A great deal of copywriting work comes from website owners who want articles that will generate more traffic from Google. However, Google made a number of dramatic announcements in the last year about its effort to remove "unhelpful" content from search results. That sparked fears that the tech giant may penalise websites that host AI-generated content. Google maintains that AI-writing is fine if the content is high quality, but these reassurances haven't dissuaded concerns.

As a result, it's become a common practice in some parts of the copywriting world to run text through AI detection software. Over the last year, a wave of writers even say they've lost jobs over false accusations from AI detectors.

According to Cowart, many of the same freelance writing platforms that have AI detection software in place are simultaneously hiring people to edit content produced by chatbots. That means in some corners of the copywriting ecosystem, almost everything revolves around efforts to avoid the appearance of artificial intelligence.

"They're selling AI content and paying you to fix it, and at the same time they're sending you emails about how to write like a human so you don't trigger their AI detector," Cowart says. "It's so insulting." Worse, the detectors are regularly updated to keep up with ongoing changes from the companies who make AI chatbots, which means the rules about what might get your writing flagged as AI constantly shift. "It's frustrating, because there are a million ways to say the same thing in English, but which one is more human? I don't like the guessing," she says.

Miller's time humanising AI ended abruptly. After months of repetitive editing work, He got called in to an unexpected meeting. On 5 April 2024, the same day a historic earthquake shook his hometown of New York, he was laid off. The company decided that Miller was just another unnecessary layer of human intervention.

"I more or less got automated out of a job," Miller says.

Fortunately, it wasn't long before Miller found a new, if rather ironic, opportunity. He got a job at Undetectable AI, a technology company that builds software to make AI writing harder to identify. In other words, Miller is helping a company that's using AI to do the work he was forced into after AI took his job in the first place.
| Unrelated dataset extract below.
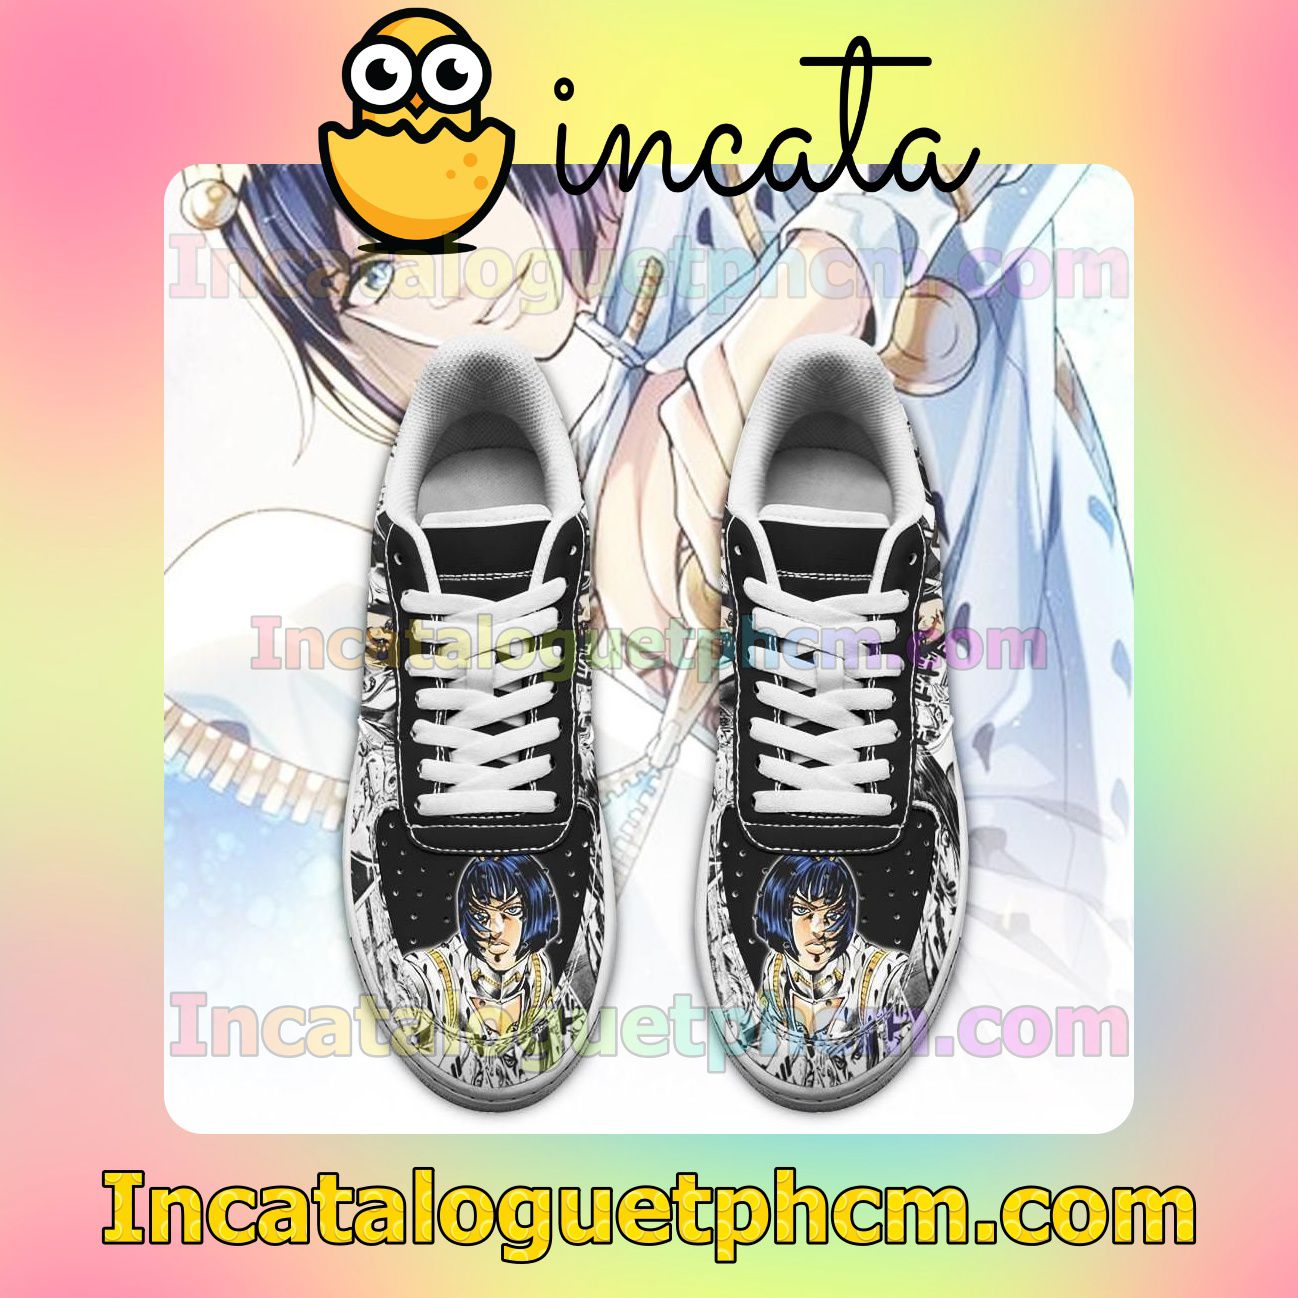 The cheapest Bruno Bucciarati Manga JoJo's Anime Nike Low Shoes Sneakers

Bars Juhasz, chief executive of Undetectable AI, says tools like the ones his company produces are certain to have some negative effects on the labour market, but he's optimistic about the future of work. "When the automobile was first introduced in an era of horses and carts, people reacted like this was the end of days. But society always adapts," Juhasz says. "I think we're going to see a lot of jobs being replaced, and freelancers will be the hardest hit. I do feel for them. But these people who are getting paid to humanise AI are fantastic opportunists. Sure, it's not a great job, but they have effectively recognised a new seat at a moment when we're redefining the idea of productivity. People who can learn to work with the technology are going to be OK."

Miller doesn't look back fondly on his time in the AI-humanisation mines. "I contributed to a lot of the garbage that's filling the internet and destroying it," he says. "Nobody was even reading this stuff by the time I left because it's just trash." Ultimately, Miller assumes the company will just take down the AI articles he worked on. "It'll be like it never even happened."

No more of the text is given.